The response includes helpful metadata. Clients know if more pages exist.
Example Request and Output
Call the endpoint with page=2 and size=5.
curl "http://localhost:8000/items/?page=2&size=5"
{
"items": [
{"id": 6, "name": "Item 6"},
{"id": 7, "name": "Item 7"},
{"id": 8, "name": "Item 8"},
{"id": 9, "name": "Item 9"},
{"id": 10, "name": "Item 10"}
],
"page": 2,
"size": 5,
"total_items": 100,
"total_pages": 20,
"has_next": true,
"has_prev": true
}
The output is clear and structured. It shows items 6 to 10.
Cursor-Based Pagination
This method uses a pointer to the last item. It is better for real-time data.
It avoids the skip problem in offset pagination. Performance is more consistent.
The client uses a cursor from the previous response. It fetches the next set of records.
Implementing Cursor Pagination
Use a unique, sequential field like id or created_at. The cursor marks where to start.

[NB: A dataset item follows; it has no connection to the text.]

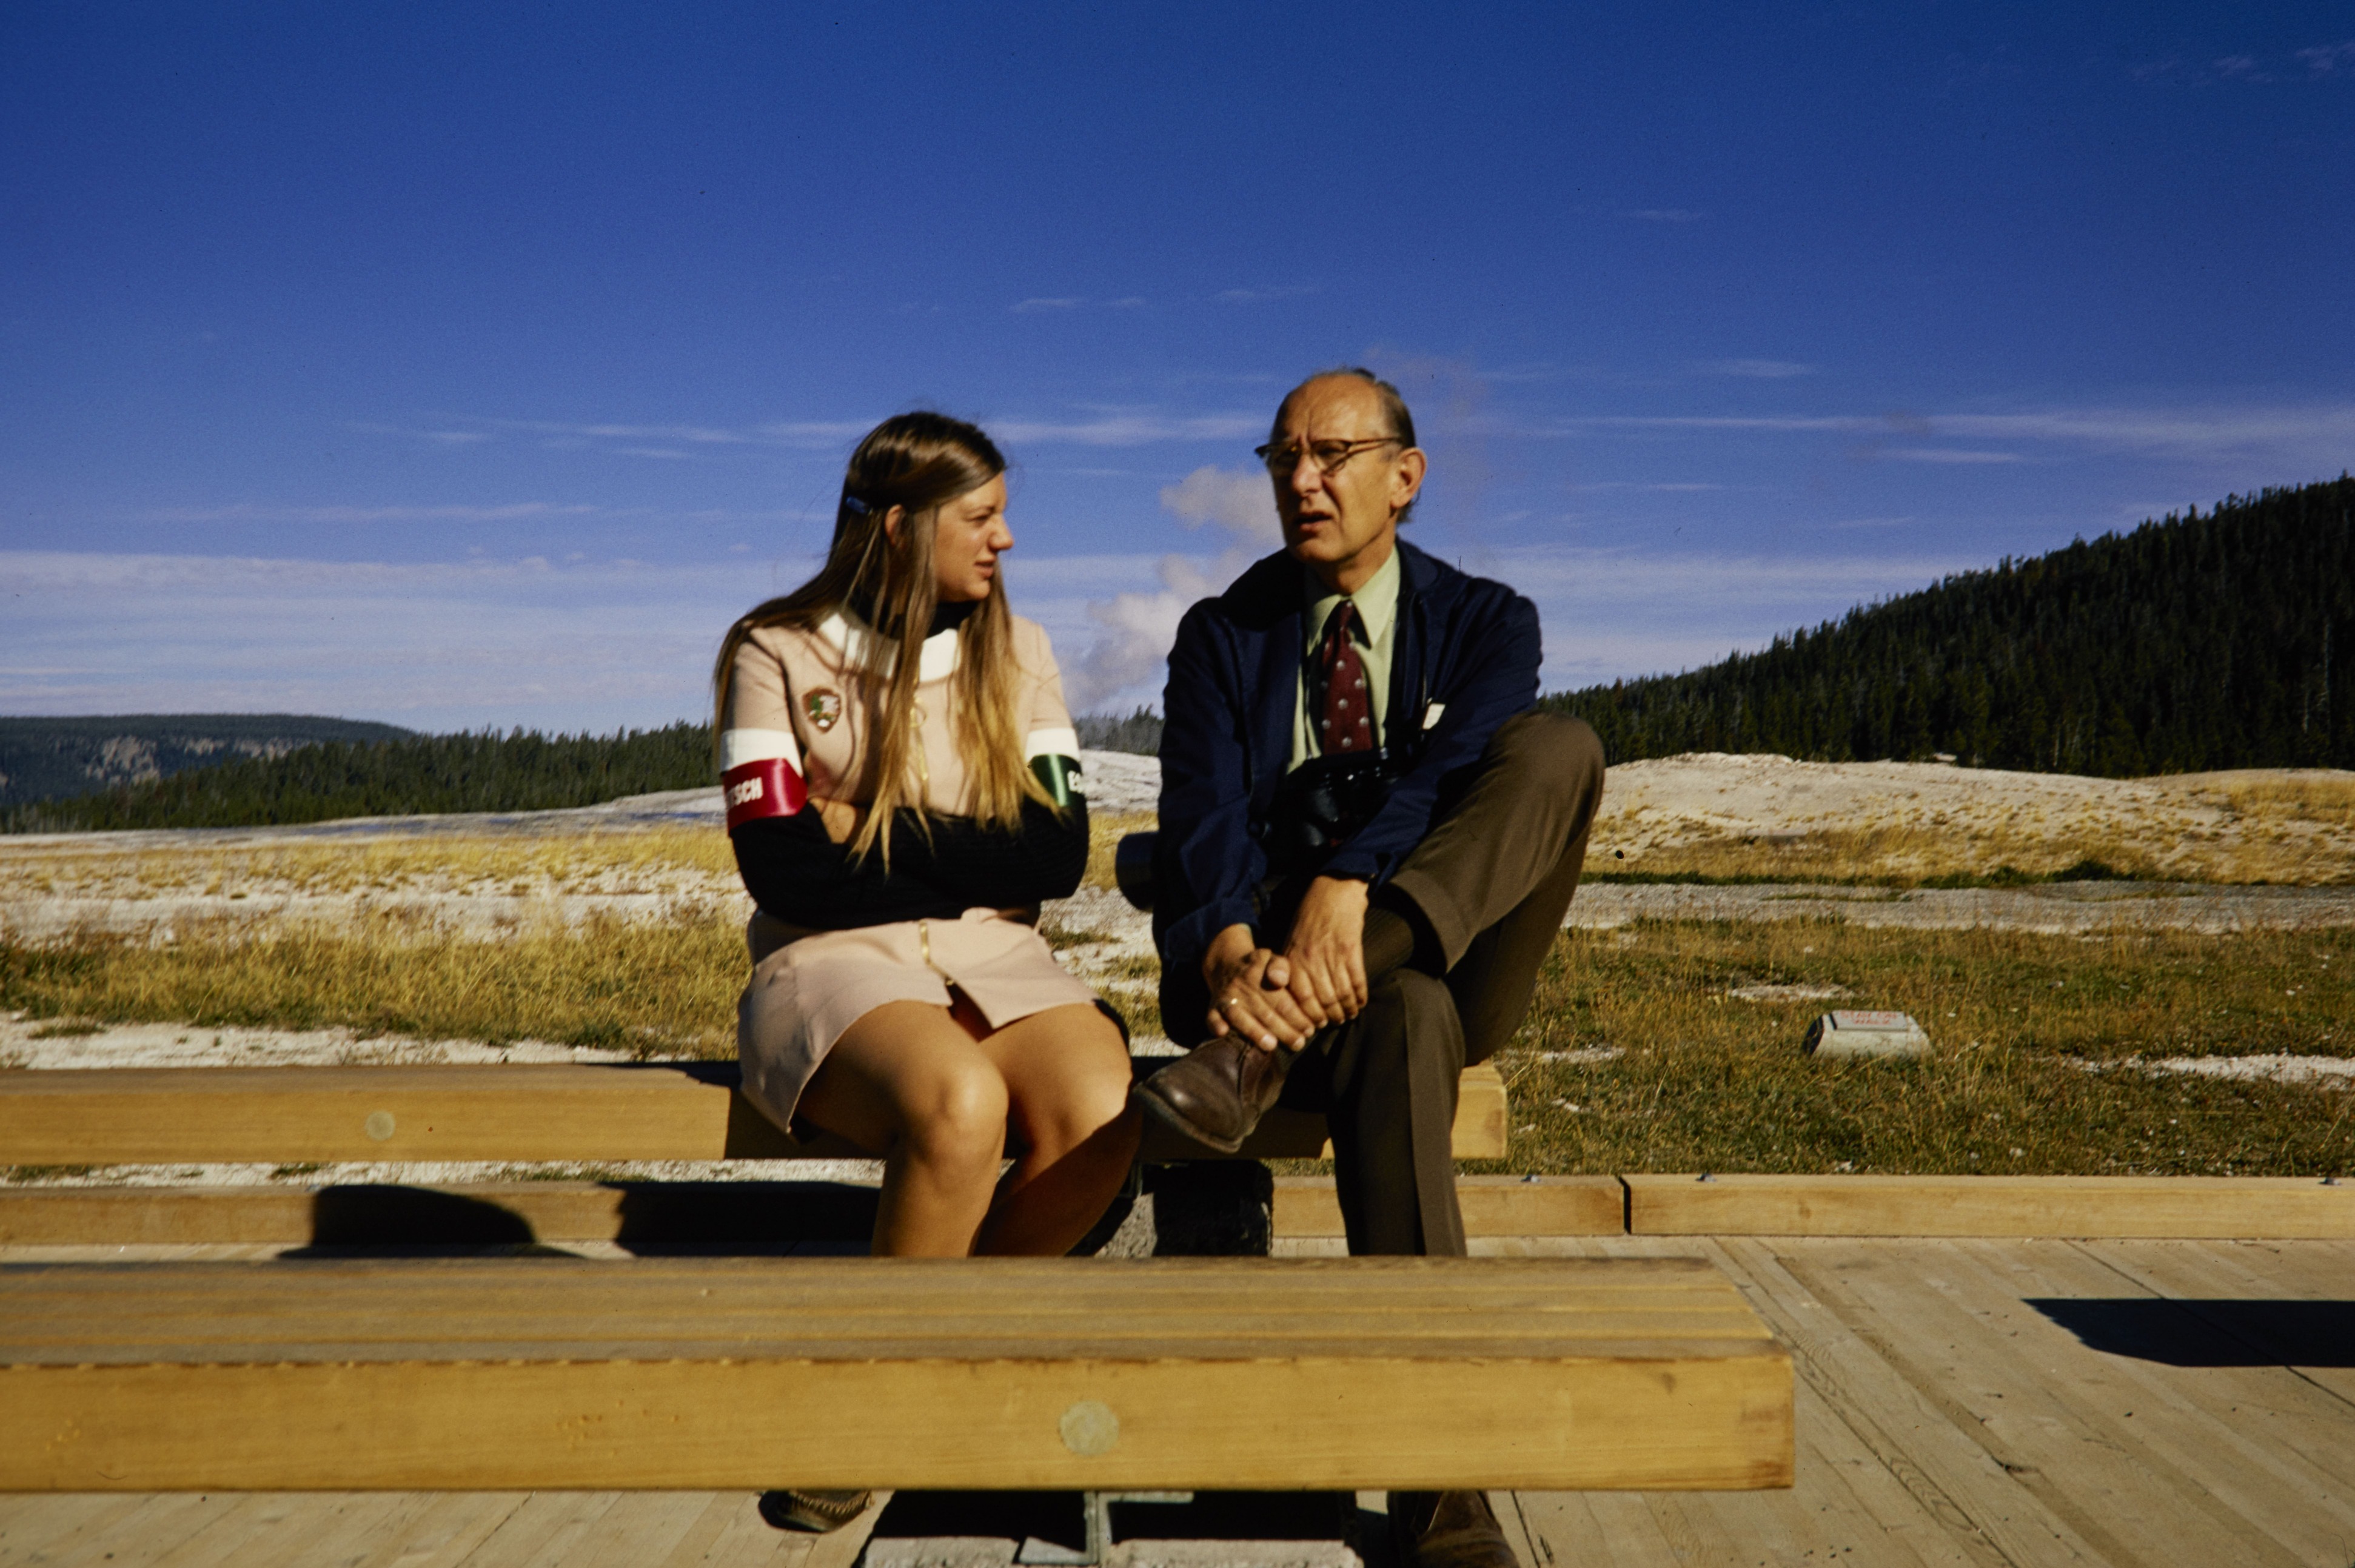 Woman in a beige NPS uniform dress sits on a bench talking a man in a suit.

from fastapi import FastAPI, Query
from typing import Optional
app = FastAPI()
@app.get("/items-cursor/")
async def read_items_cursor(
cursor: Optional[int] = Query(None, description="Last item ID from previous page"),
limit: int = Query(10, ge=1, le=100, description="Items per page")
):
"""Endpoint with cursor pagination."""
# In a real app, query: WHERE id > cursor
if cursor is None:
cursor = 0
# Filter items where id > cursor
filtered_items = [item for item in fake_items_db if item["id"] > cursor]
# Apply limit
items = filtered_items[:limit]
# Determine next cursor
next_cursor = items[-1]["id"] if items else None
return {
"items": items,
"next_cursor": next_cursor,
"limit": limit,
"has_more": len(items) == limit and next_cursor is not None
}
The cursor parameter is the last seen ID. The query fetches items after that ID.
This method is efficient for large tables. Database indexes work well with WHERE id > cursor.

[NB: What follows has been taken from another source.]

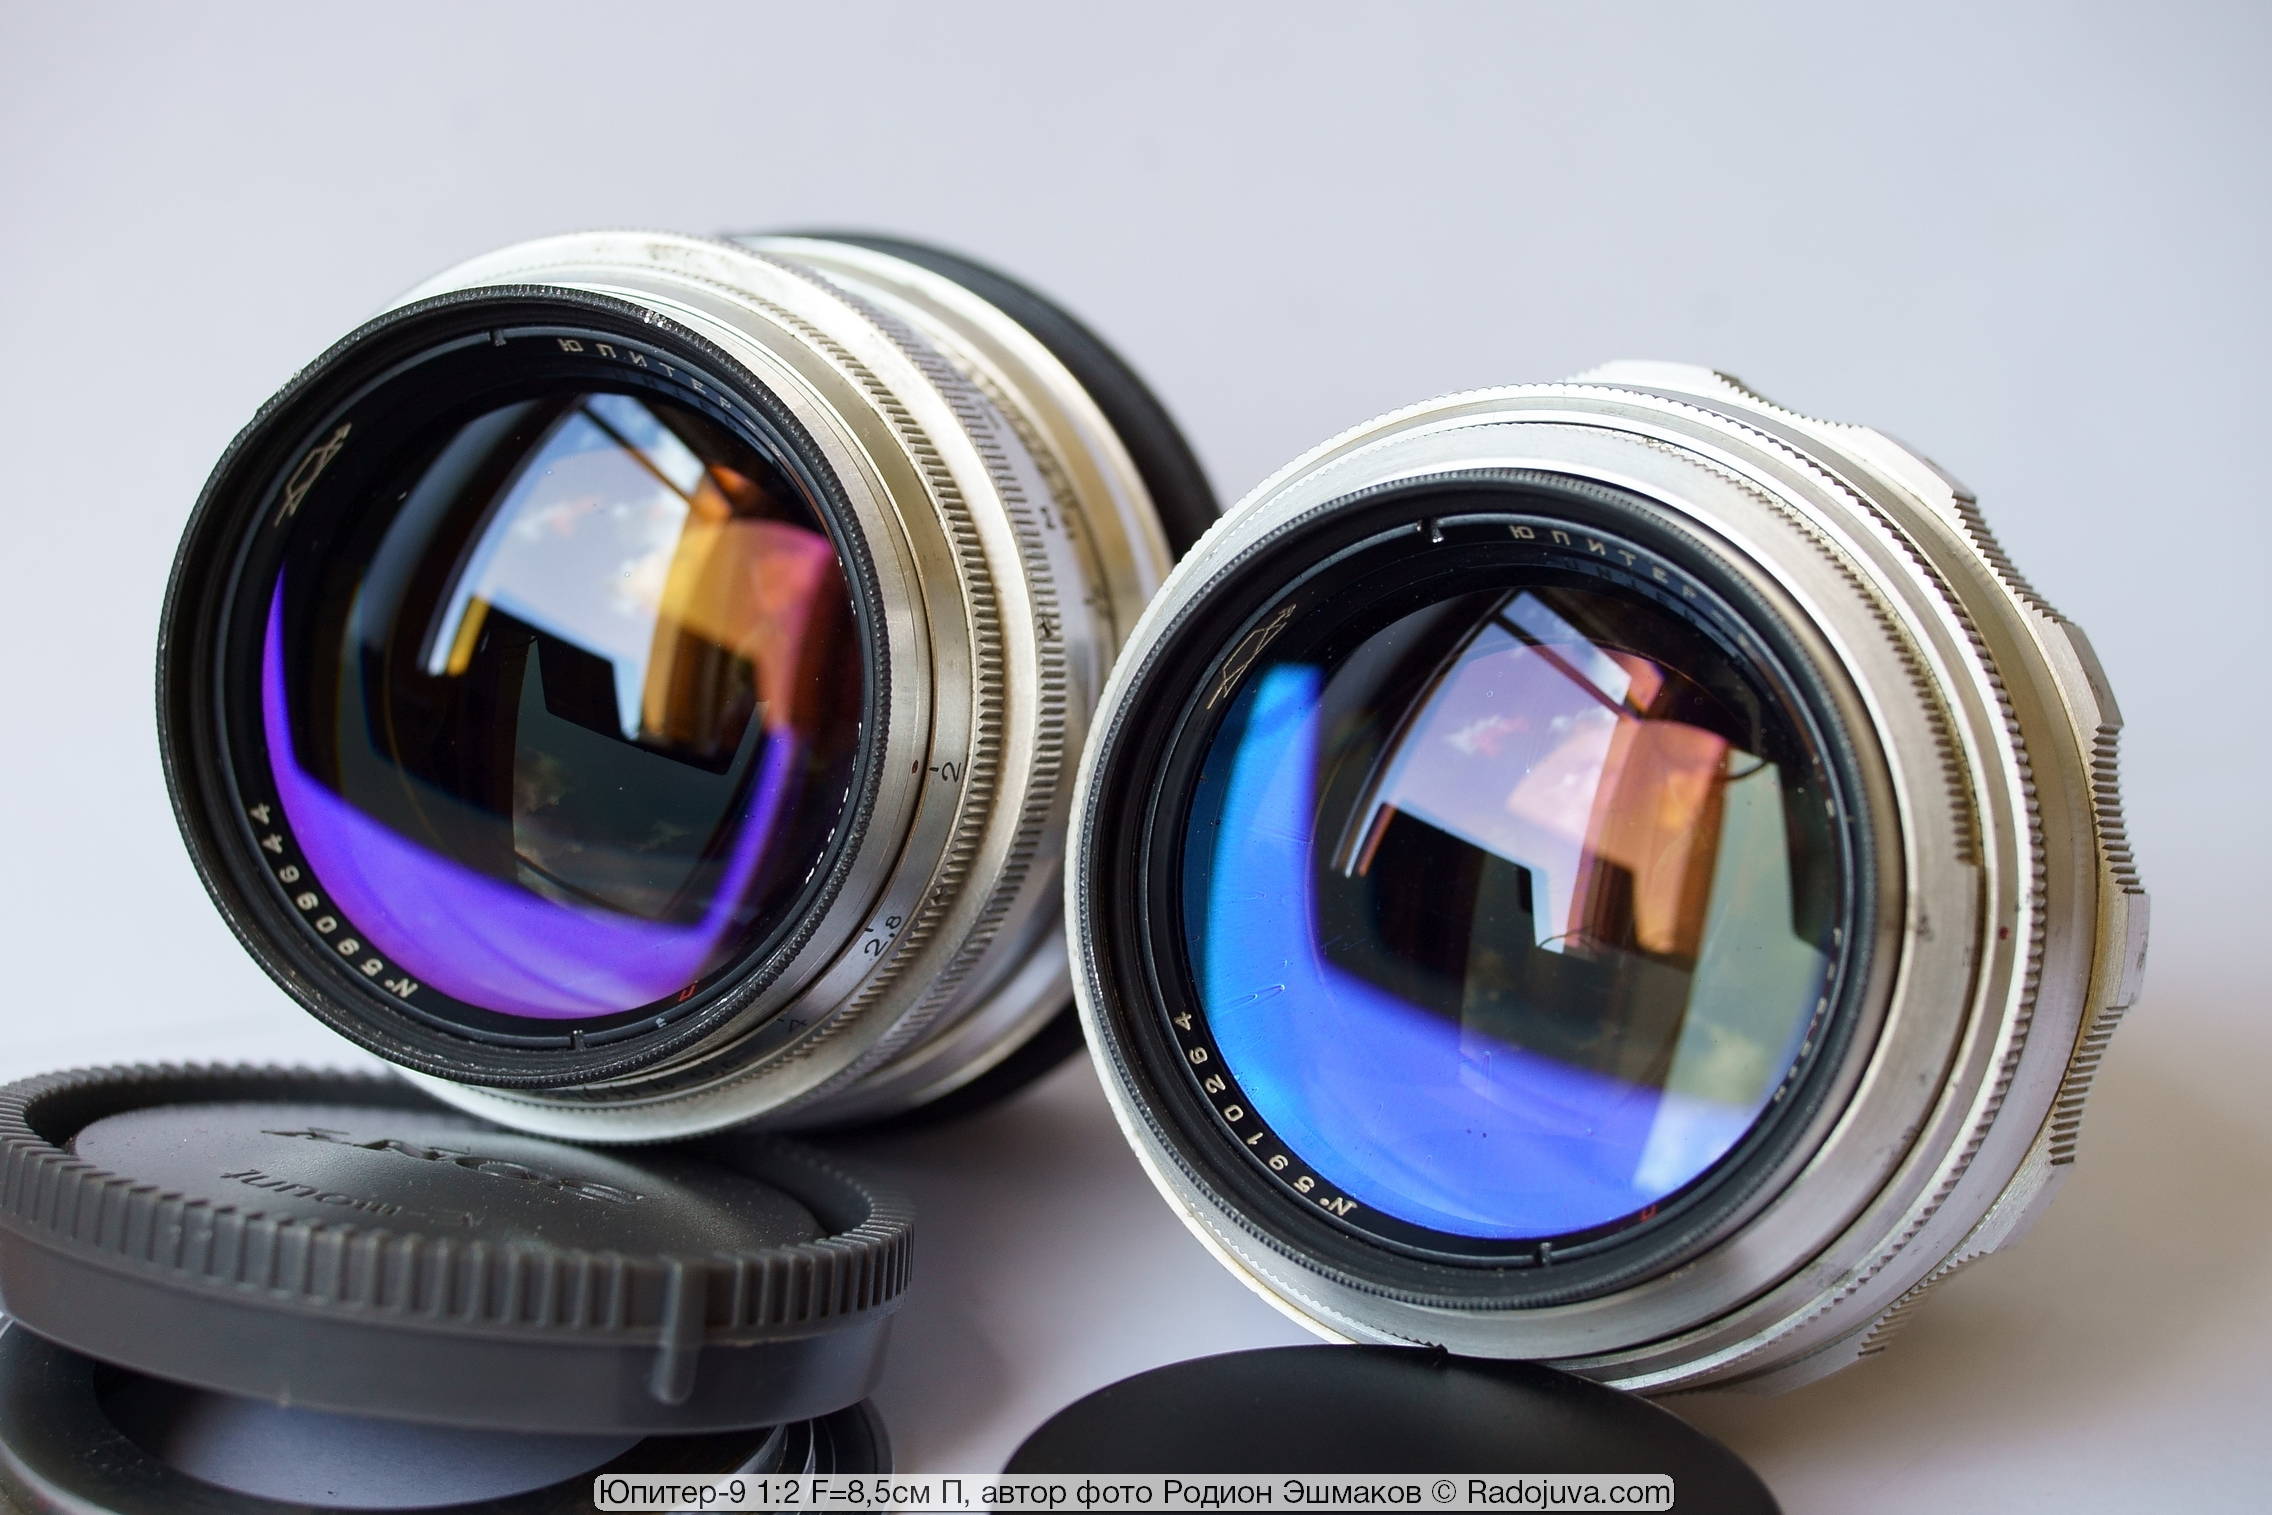 Incluso las lentes del mismo año de fabricación difieren en tonos de iluminación.

Example Request and Output
Start without a cursor to get the first page.
curl "http://localhost:8000/items-cursor/?limit=3"
{
"items": [
{"id": 1, "name": "Item 1"},
{"id": 2, "name": "Item 2"},
{"id": 3, "name": "Item 3"}
],
"next_cursor": 3,
"limit": 3,
"has_more": true
}
Use the next_cursor to get the next page.

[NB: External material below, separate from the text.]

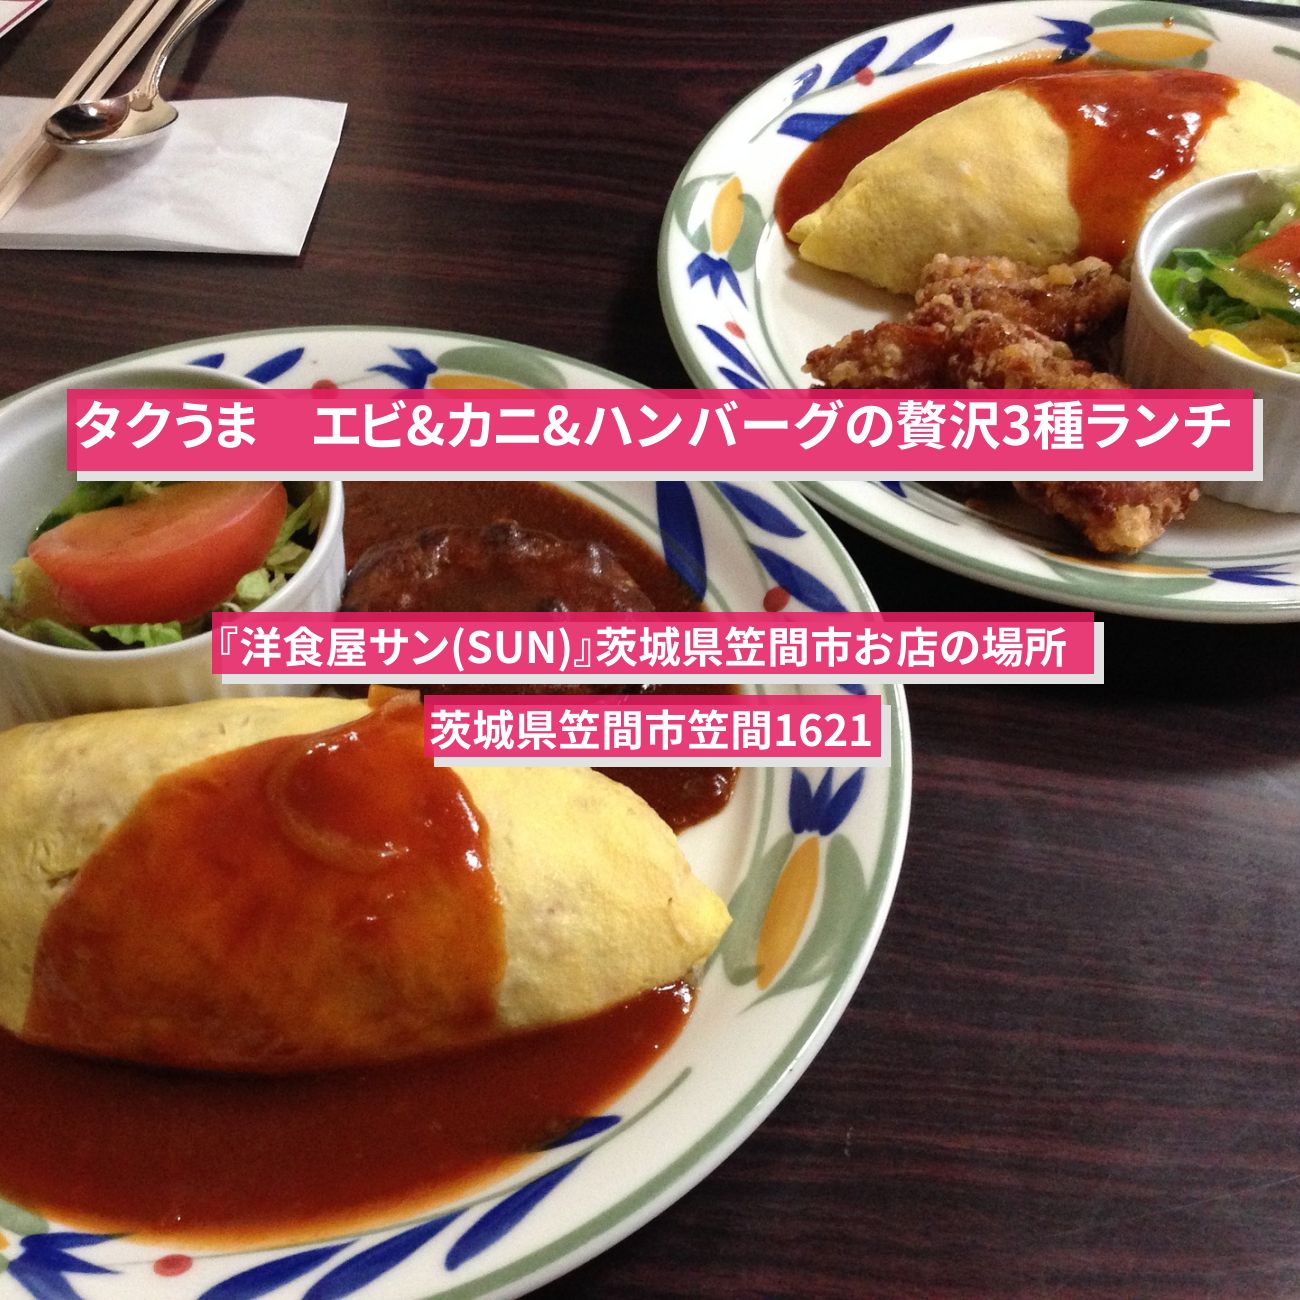 【タクうま】エビ&カニ&ハンバーグの贅沢3種ランチ『洋食屋サン(SUN)』茨城県笠間市のお店の場所  〔タクシー運転手さん一番うまい店に連れてって〕

curl "http://localhost:8000/items-cursor/?cursor=3&limit=3"
{
"items": [
{"id": 4, "name": "Item 4"},
{"id": 5, "name": "Item 5"},
{"id": 6, "name": "Item 6"}
],
"next_cursor": 6,
"limit": 3,
"has_more": true
}
Choosing the Right Method
Offset Pagination is simple. It works for static datasets.
Users can jump to any page. It is good for admin panels.
But it gets slow with large offsets. Database must count through skipped rows.
Cursor Pagination is more efficient. It is perfect for infinite scroll.
It handles real-time data inserts well. Use it for feeds and timelines.
The downside is no random page access. You must move sequentially.
Best Practices and Tips
Always set a maximum page size. This prevents server overload.
Use sensible defaults. Page 1 and size 20 are common.
Include metadata in responses. Total counts and links help clients.
For streaming very large datasets, consider our guide on Stream Large Responses with Python FastAPI.
Optimize database queries with indexes. This is critical for performance.
Learn more in our FastAPI Performance Optimization Guide.
Common Pitfalls
Avoid offset with large skip values. Database performance will drop.
Never expose raw database keys as cursors. Use encoded or opaque cursors.
Validate all input parameters. Ensure page and size are positive numbers.
Handle edge cases. Empty results or a cursor pointing to a deleted item.
Conclusion
Pagination is essential for good API design. FastAPI makes implementation straightforward.
Offset pagination is easy for basic use cases. Cursor pagination scales better.
Choose based on your data and user needs. Always include helpful response metadata.
This improves both performance and developer experience. Your API will be robust and scalable.